** Opening Information provided block **

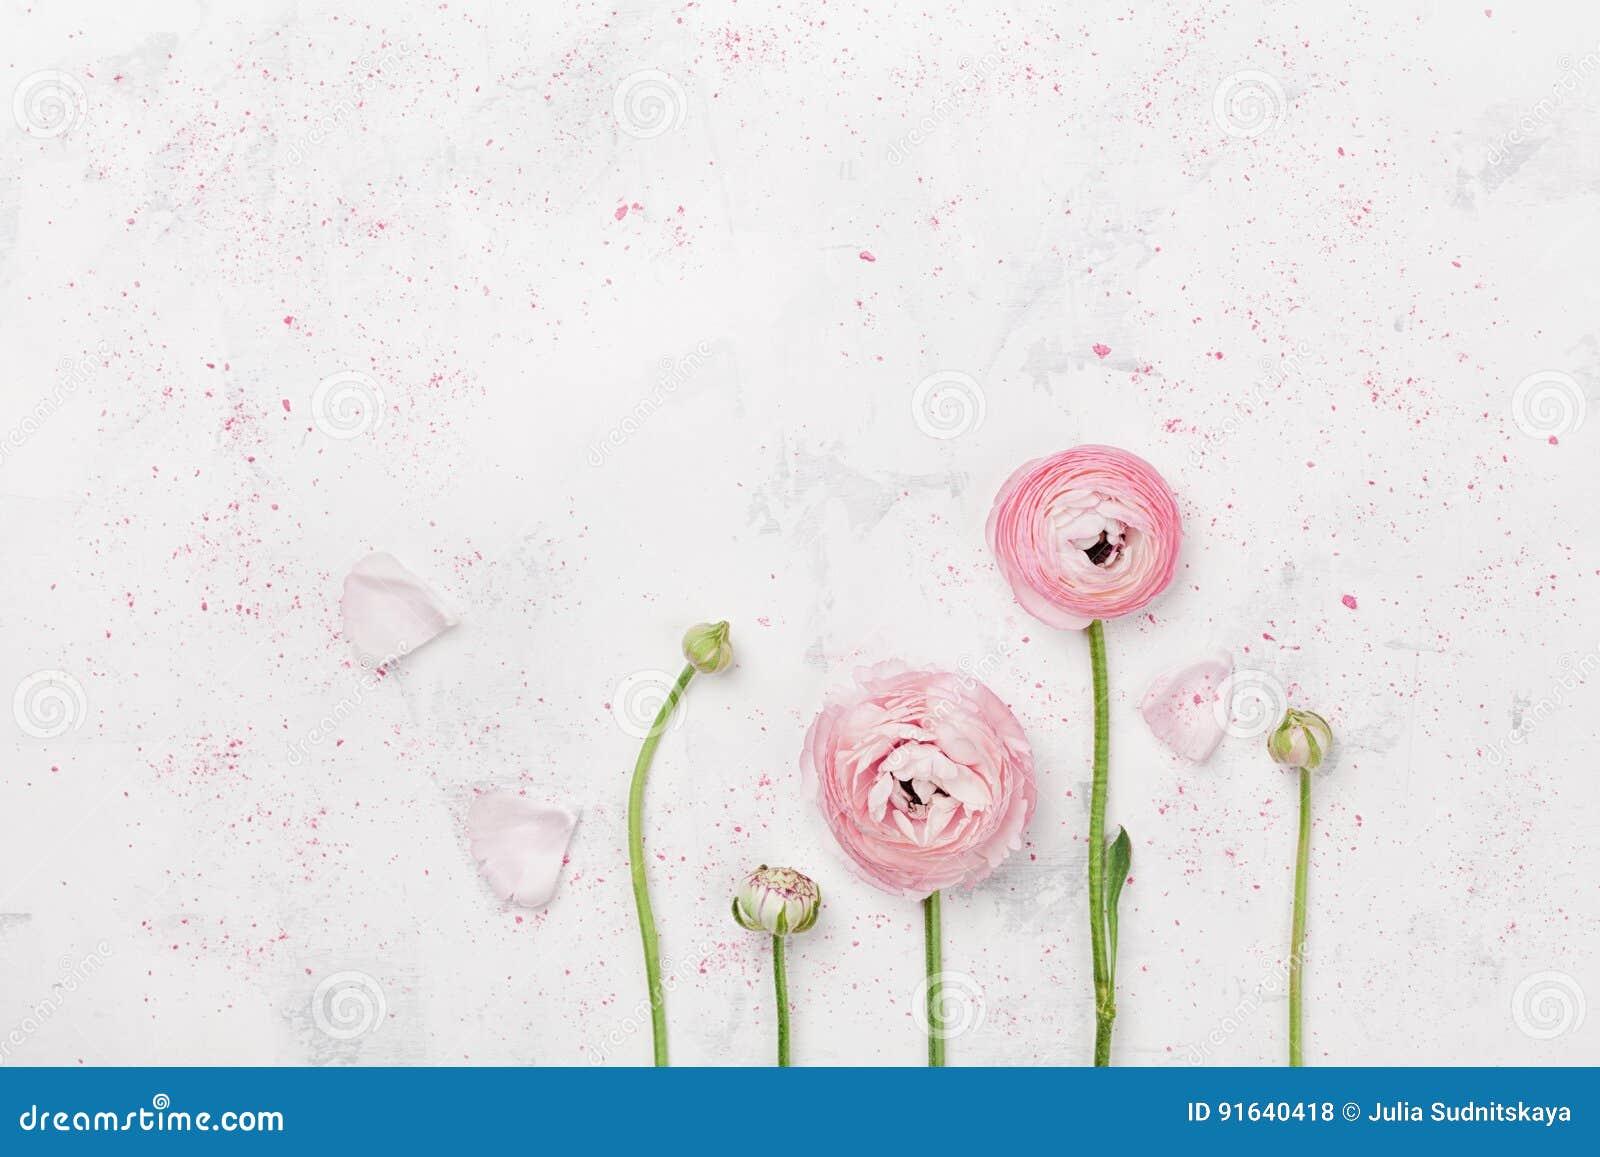 Красивый розовый лютик цветет на белом взгляде столешницы Флористическая граница в пастельном цвете Модель-макет свадьбы в стиле
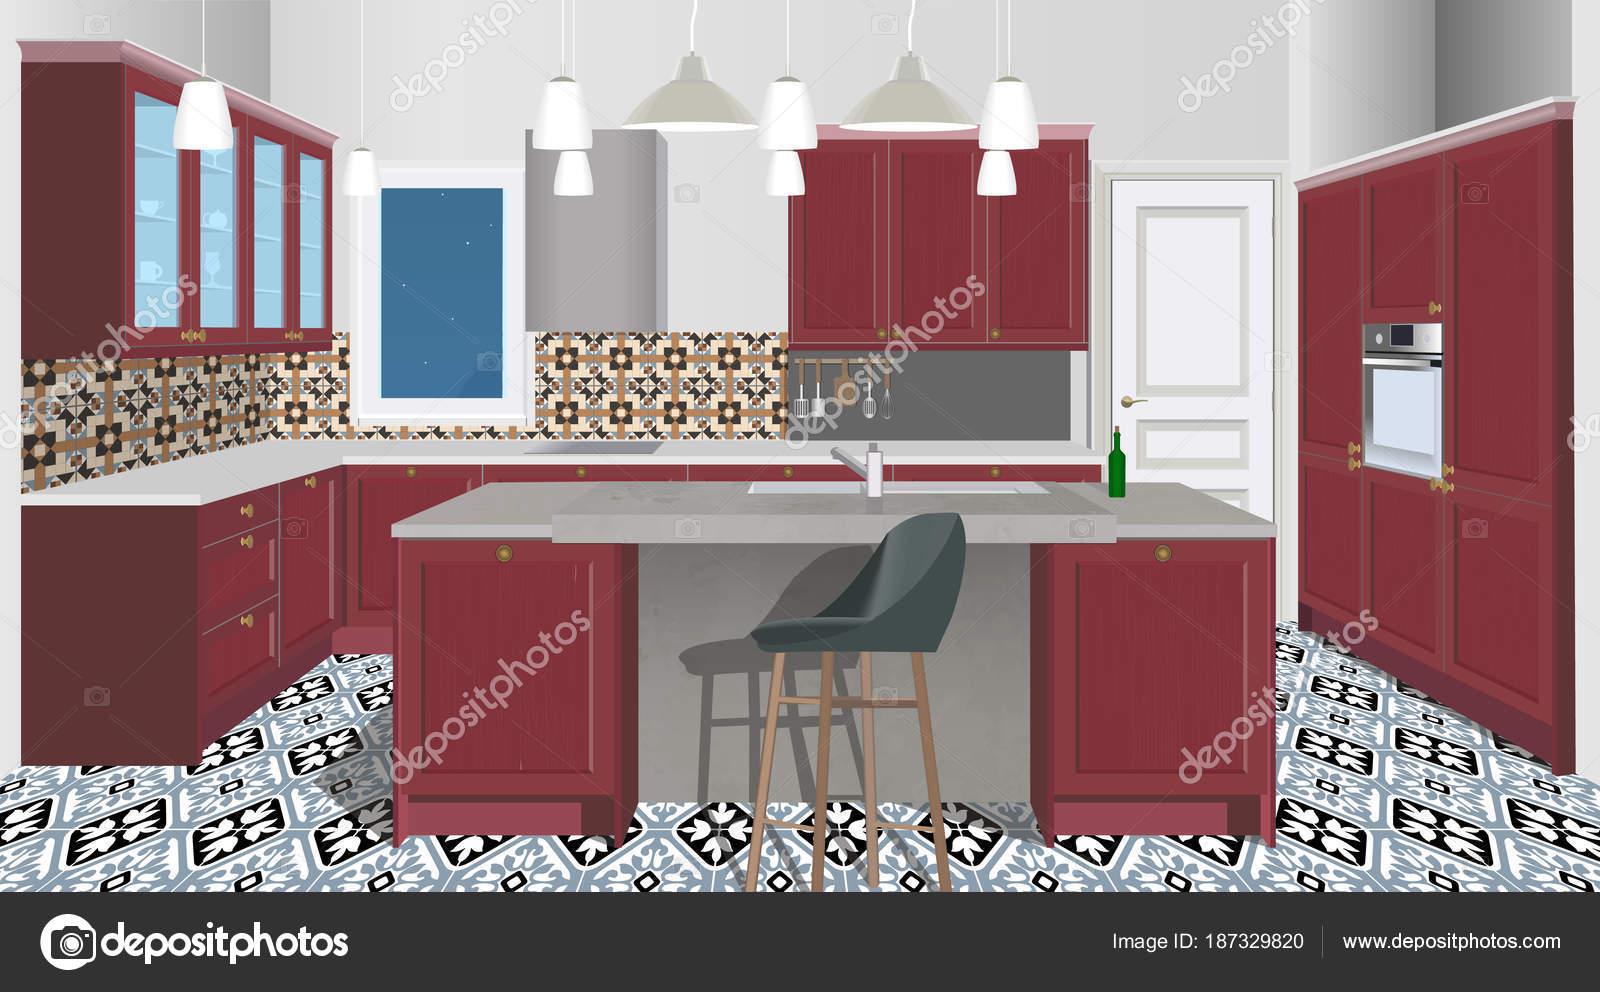 Burgundy Kitchen Interior Background With Furniture Design
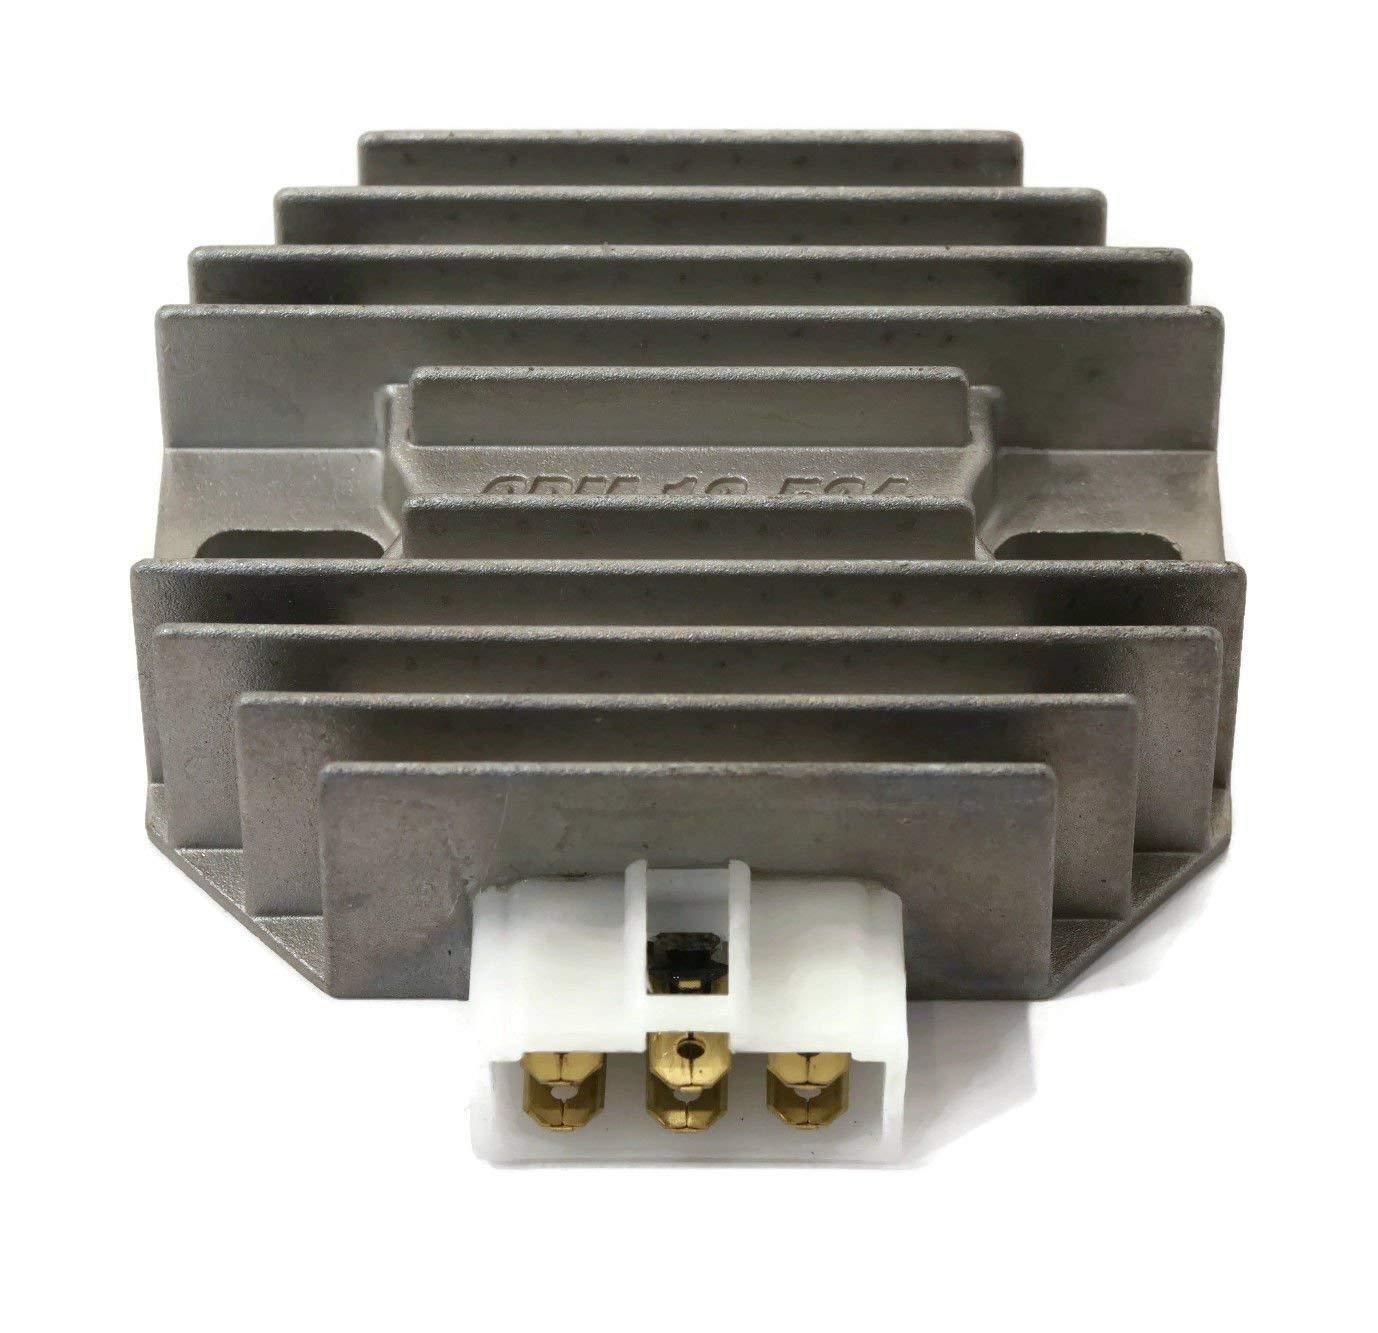 Get Quotations · New VOLTAGE REGULATOR RECTIFIER fits Kawasaki FD590V  FD611V FD620D FD661D FD671D by The ROP Shop
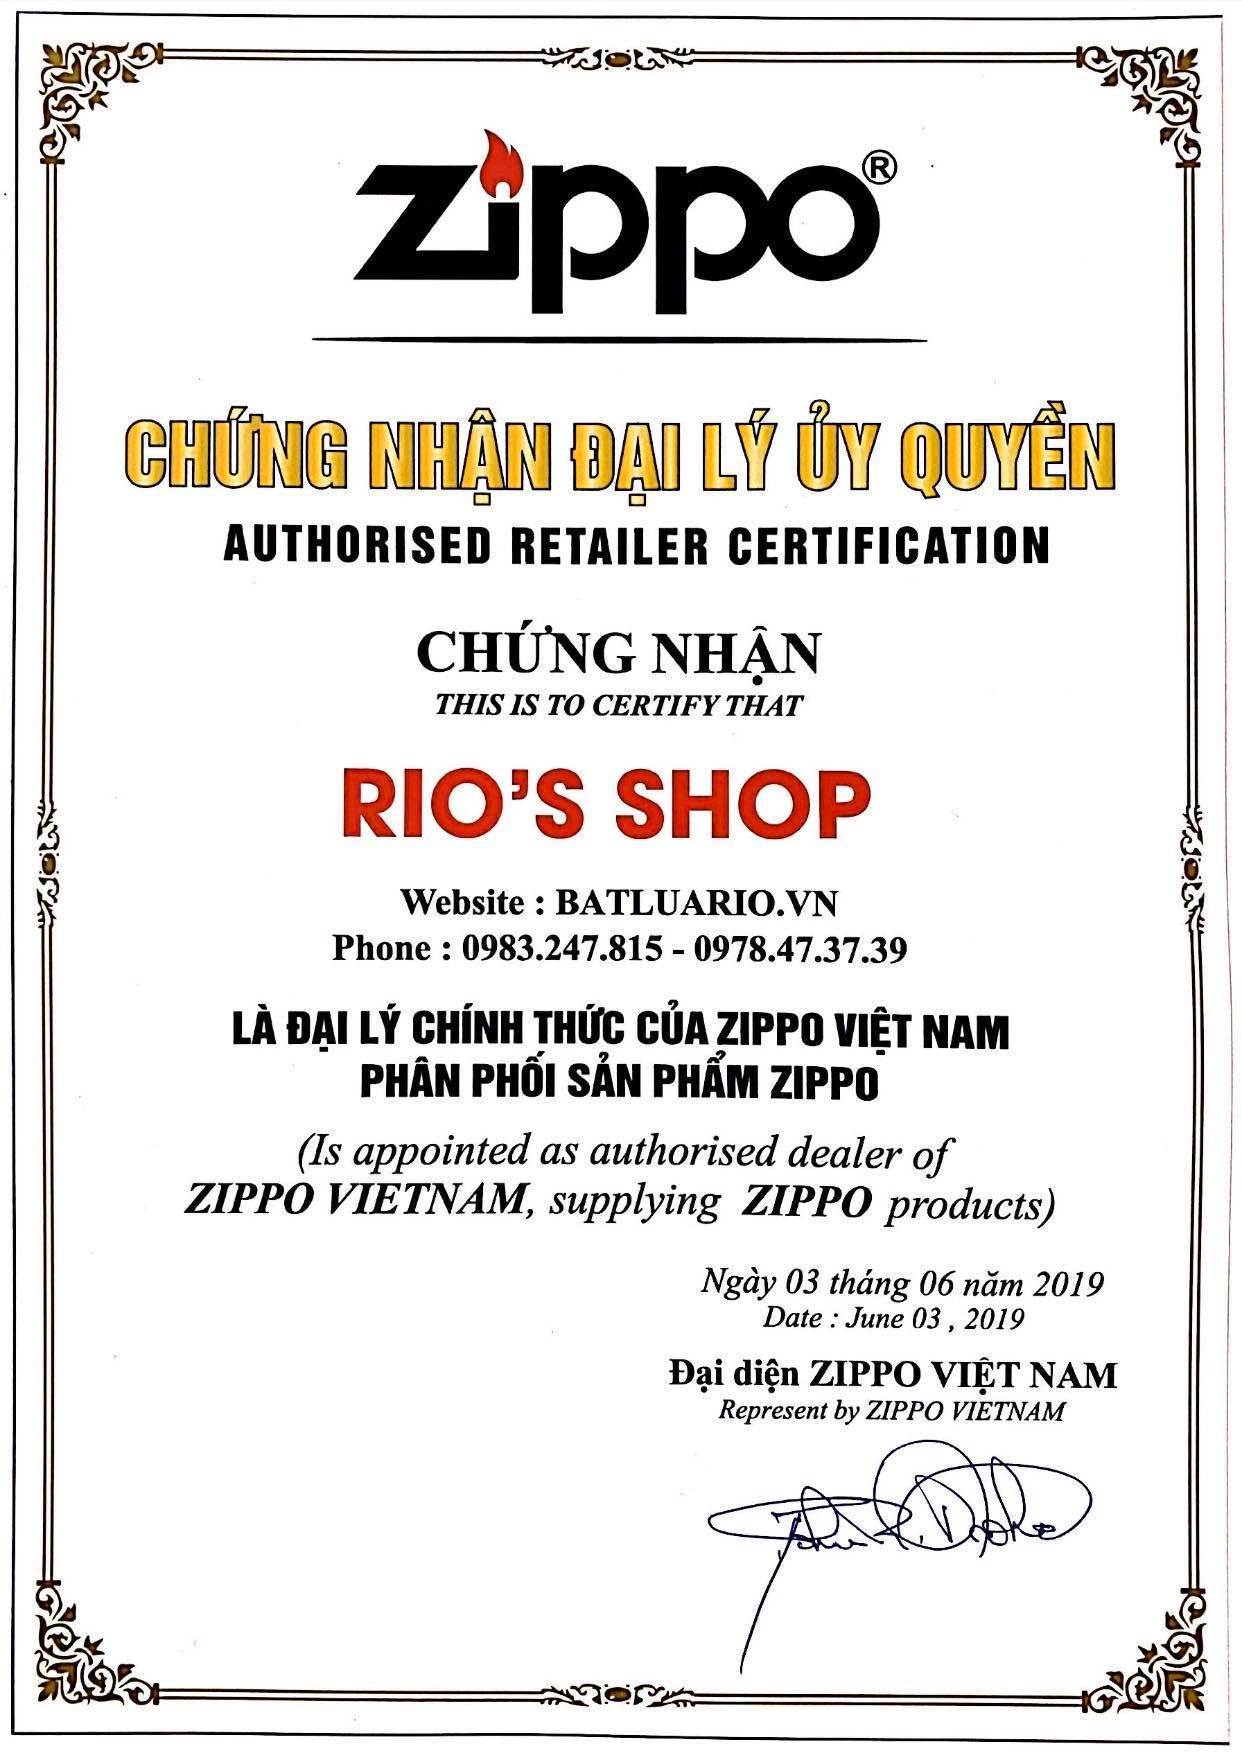 Giấy chứng nhận Đại lý Zippo chính hãng
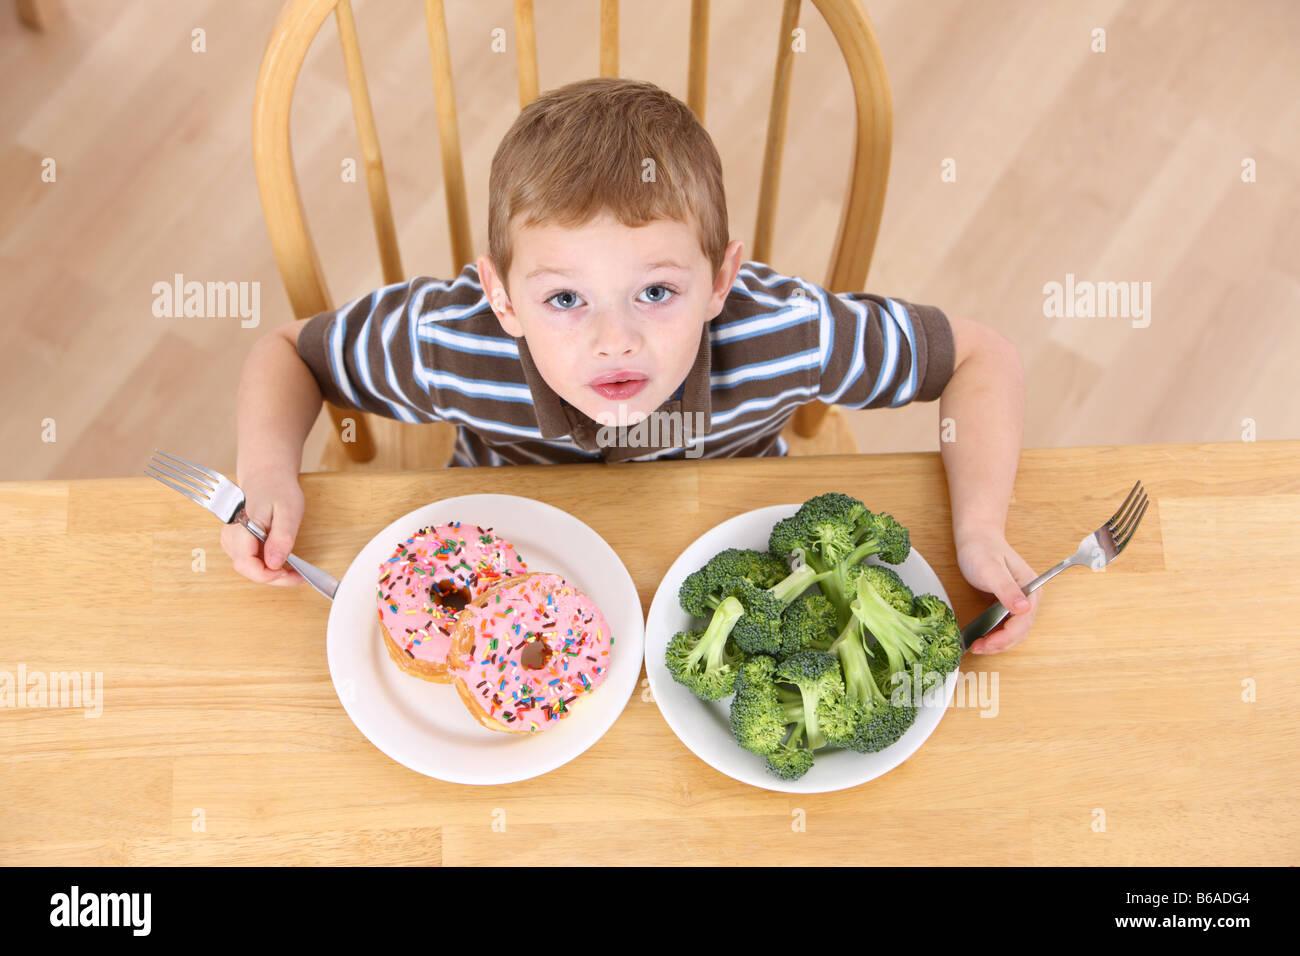 Jeune garçon avec des plaques de brocoli et les beignes Photo Stock

** Closing Information provided block **

Repeat every record above exactly. The pictures do not belong in the copy.

 Красивый розовый лютик цветет на белом взгляде столешницы Флористическая граница в пастельном цвете Модель-макет свадьбы в стиле
 Burgundy Kitchen Interior Background With Furniture Design
 Get Quotations · New VOLTAGE REGULATOR RECTIFIER fits Kawasaki FD590V  FD611V FD620D FD661D FD671D by The ROP Shop
 Giấy chứng nhận Đại lý Zippo chính hãng
 Jeune garçon avec des plaques de brocoli et les beignes Photo Stock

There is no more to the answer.